*EXERCISE PROMPT*: Exclude the pictures and repeat all of the data exactly.

*SOURCE DATA*:
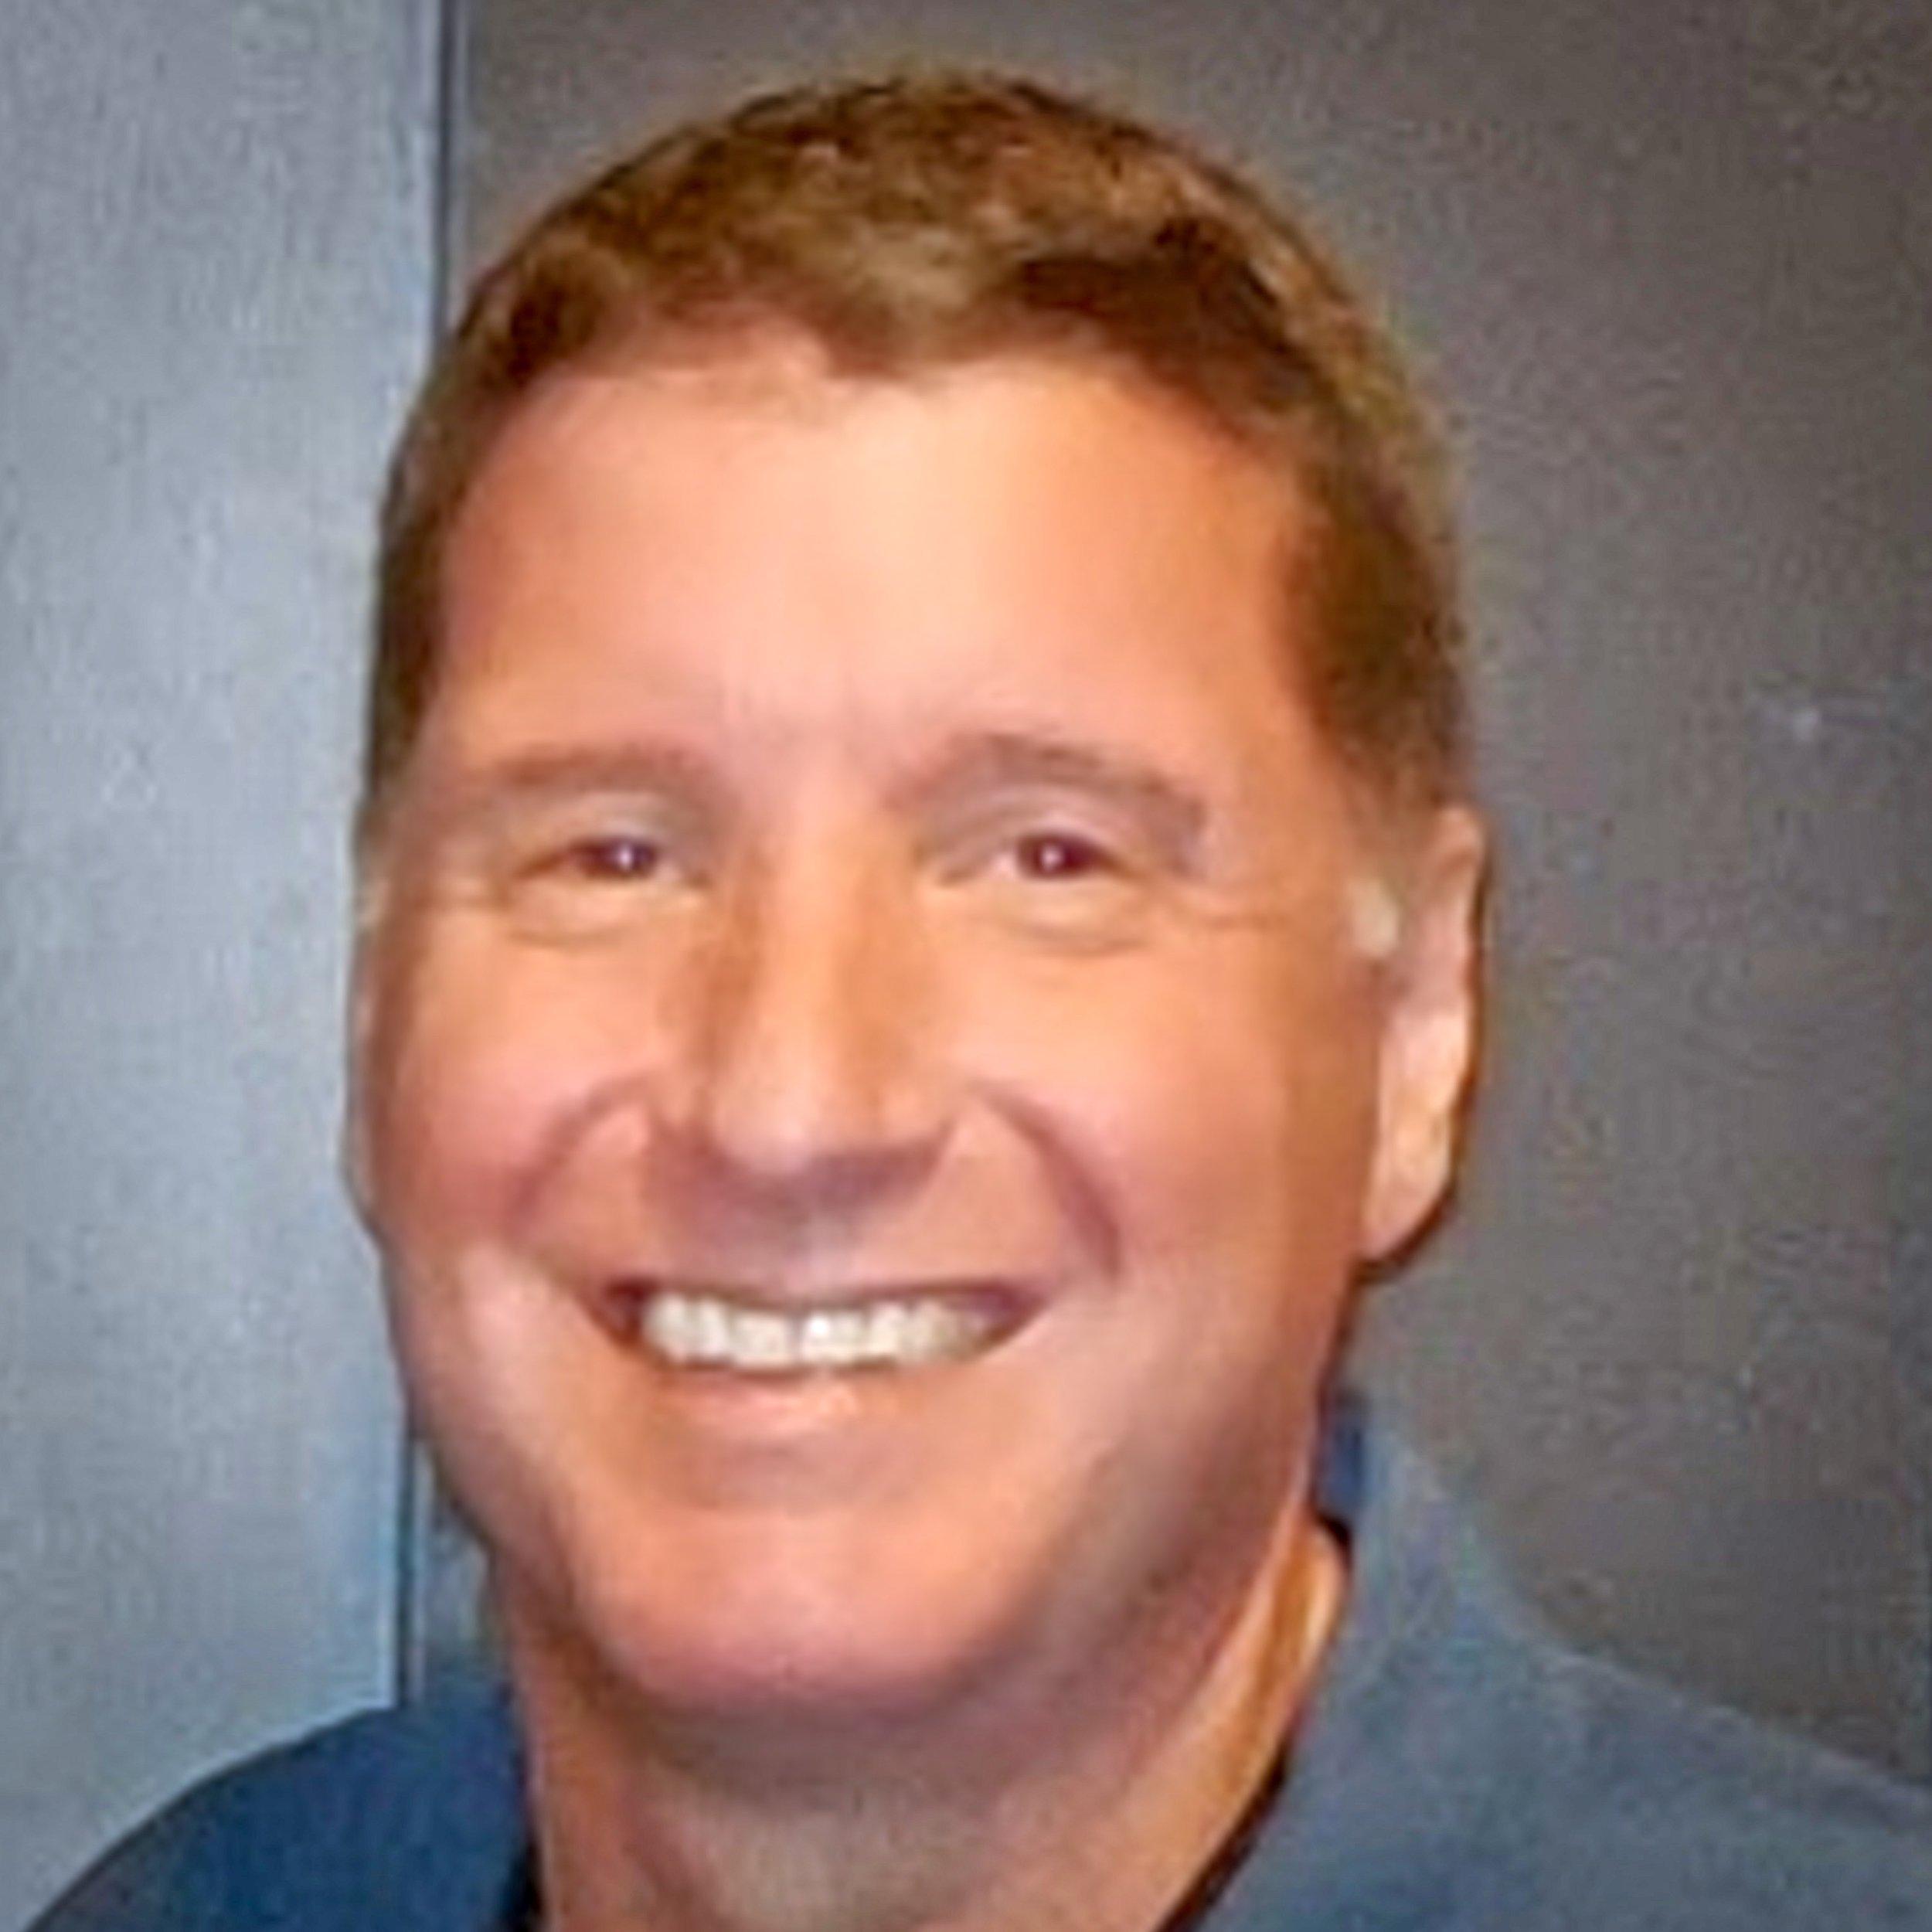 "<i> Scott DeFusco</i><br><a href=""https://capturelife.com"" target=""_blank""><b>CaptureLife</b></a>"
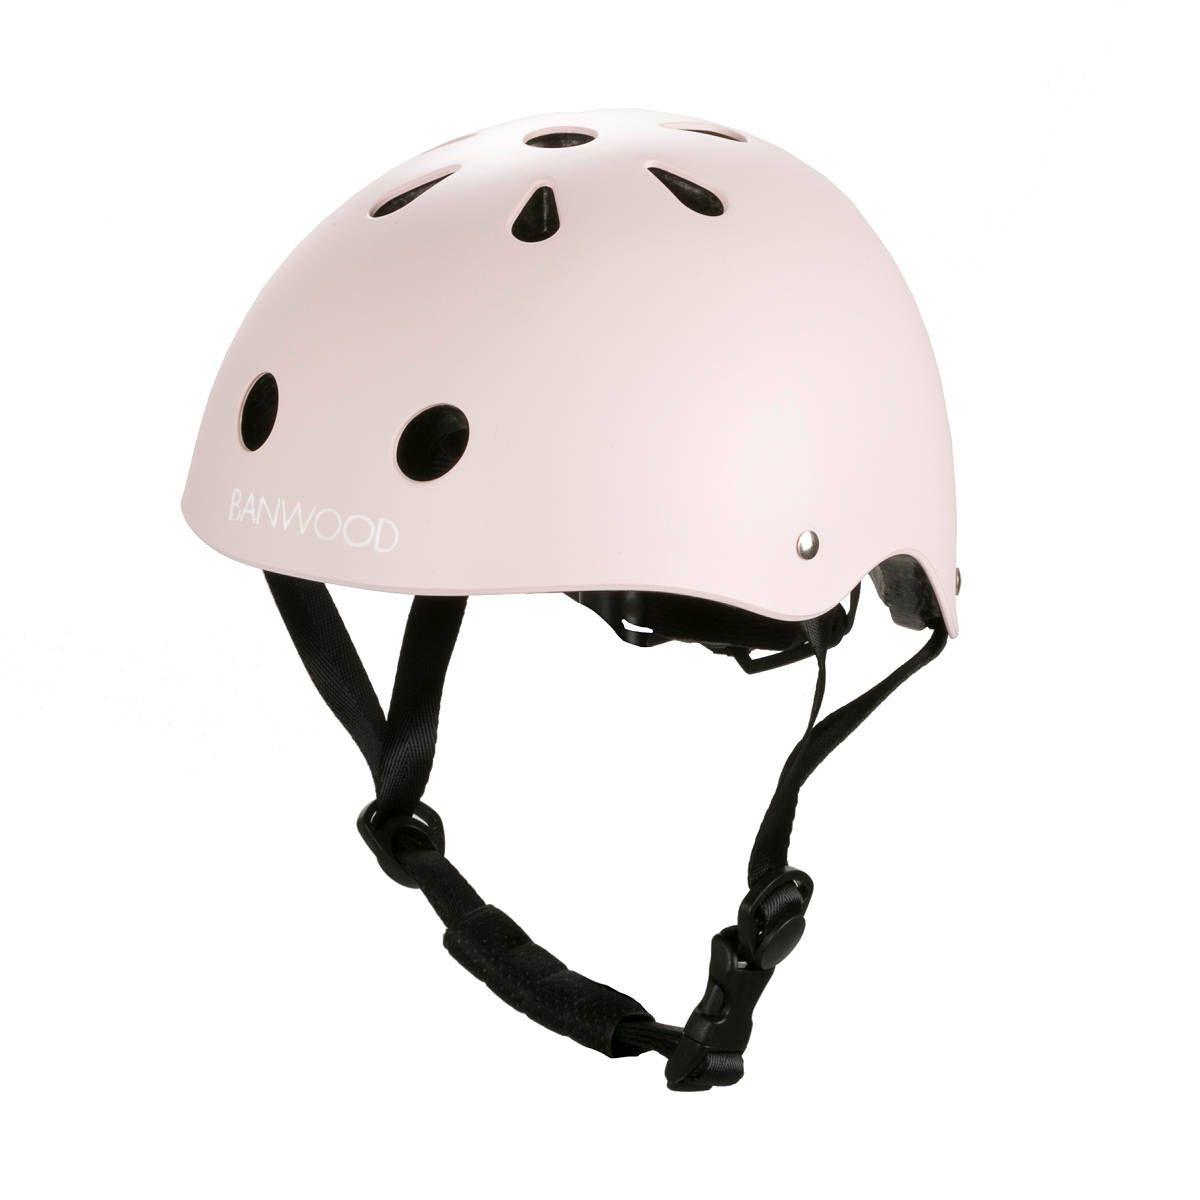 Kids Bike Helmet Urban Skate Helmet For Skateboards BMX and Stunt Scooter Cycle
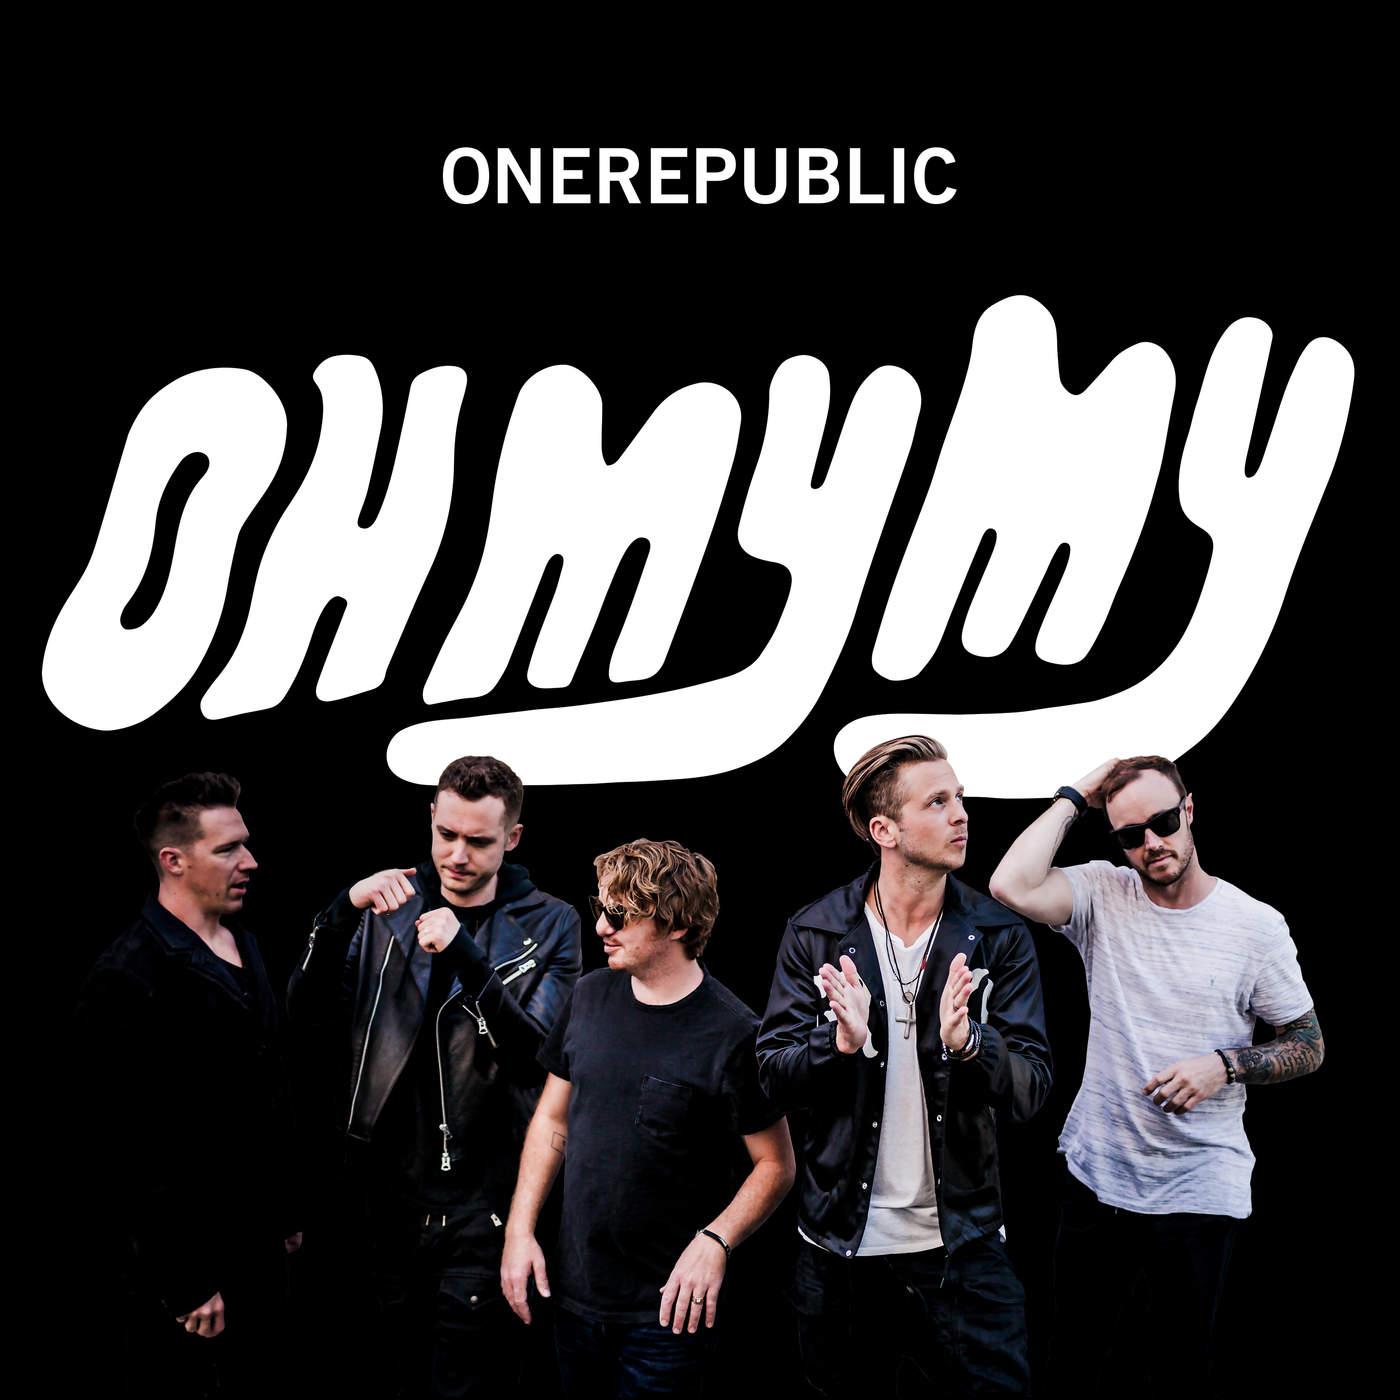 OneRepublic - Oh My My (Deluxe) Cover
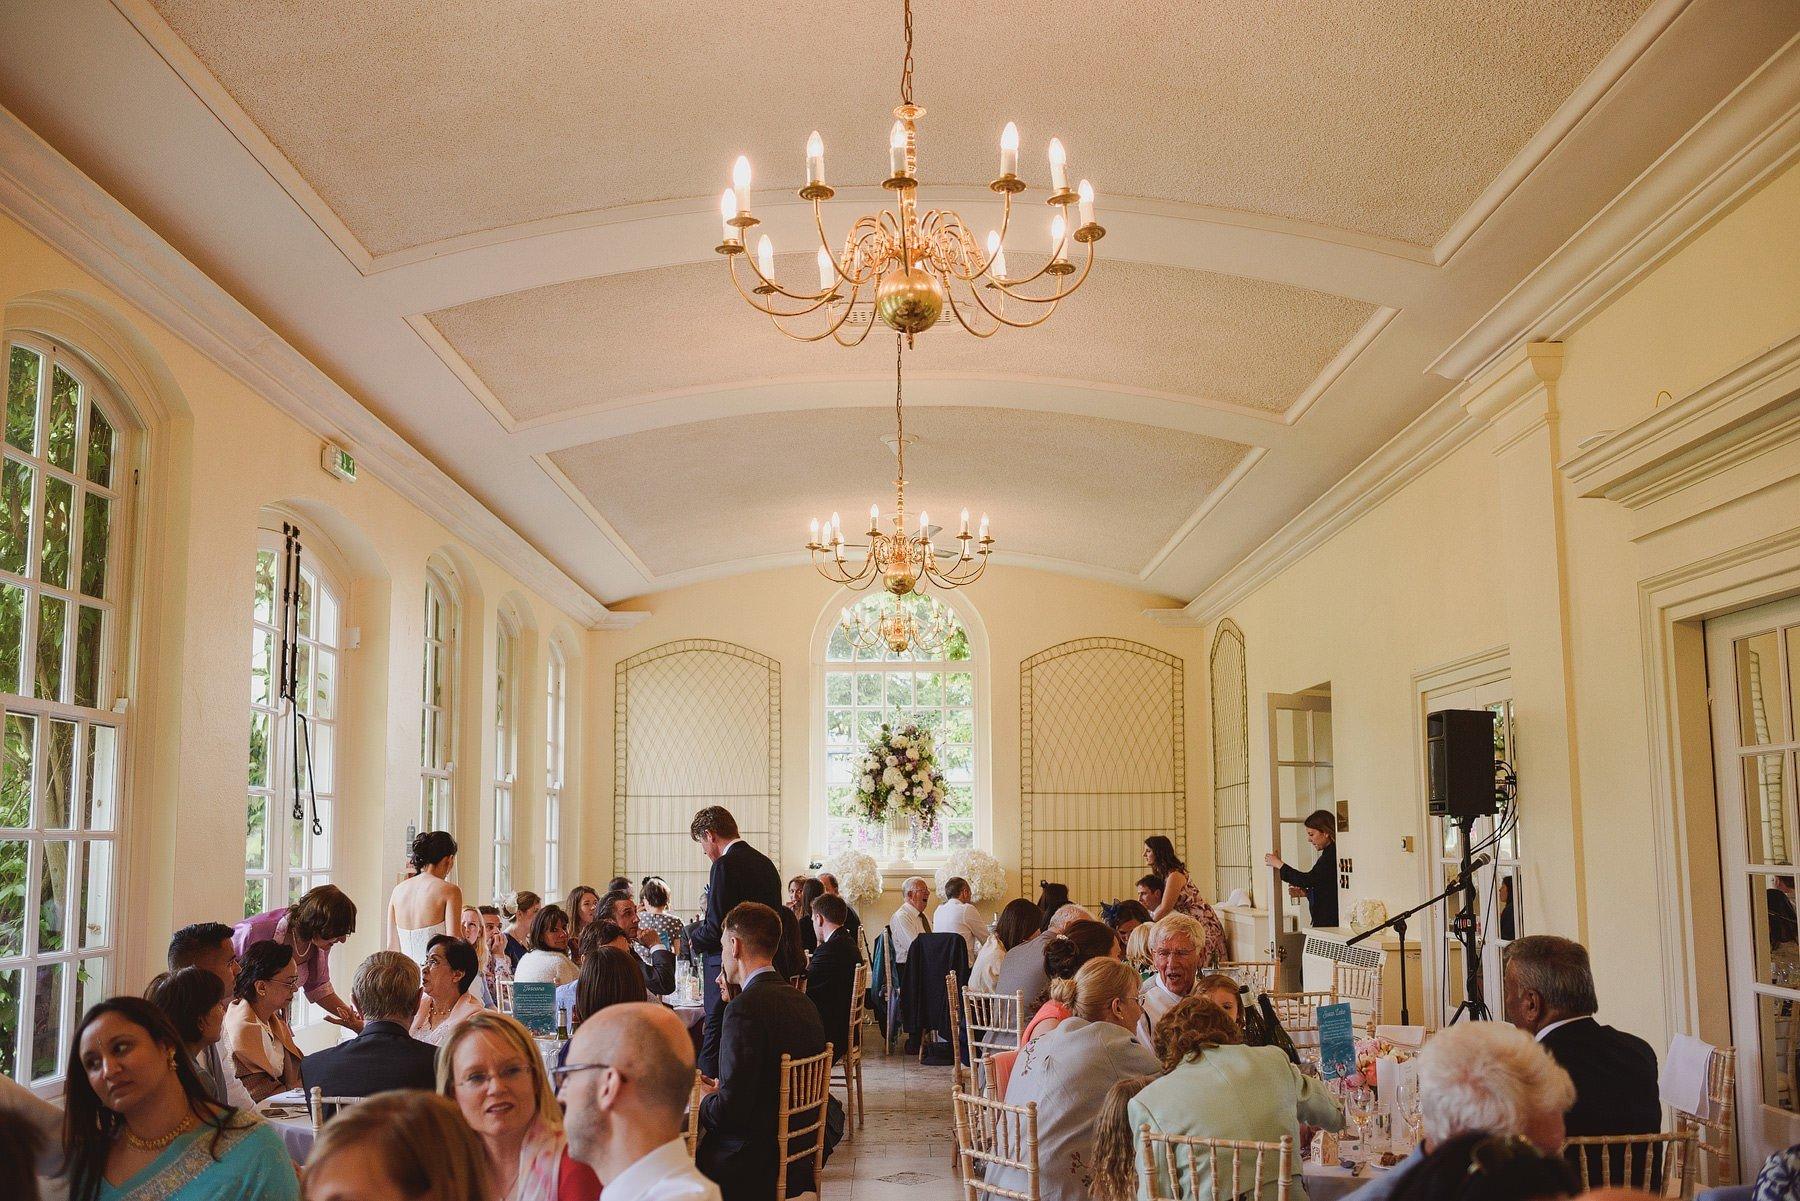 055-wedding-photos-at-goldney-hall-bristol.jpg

*EXERCISE RESULT*:
 "<i> Scott DeFusco</i><br><a href=""https://capturelife.com"" target=""_blank""><b>CaptureLife</b></a>"
 Kids Bike Helmet Urban Skate Helmet For Skateboards BMX and Stunt Scooter Cycle
 OneRepublic - Oh My My (Deluxe) Cover
 055-wedding-photos-at-goldney-hall-bristol.jpg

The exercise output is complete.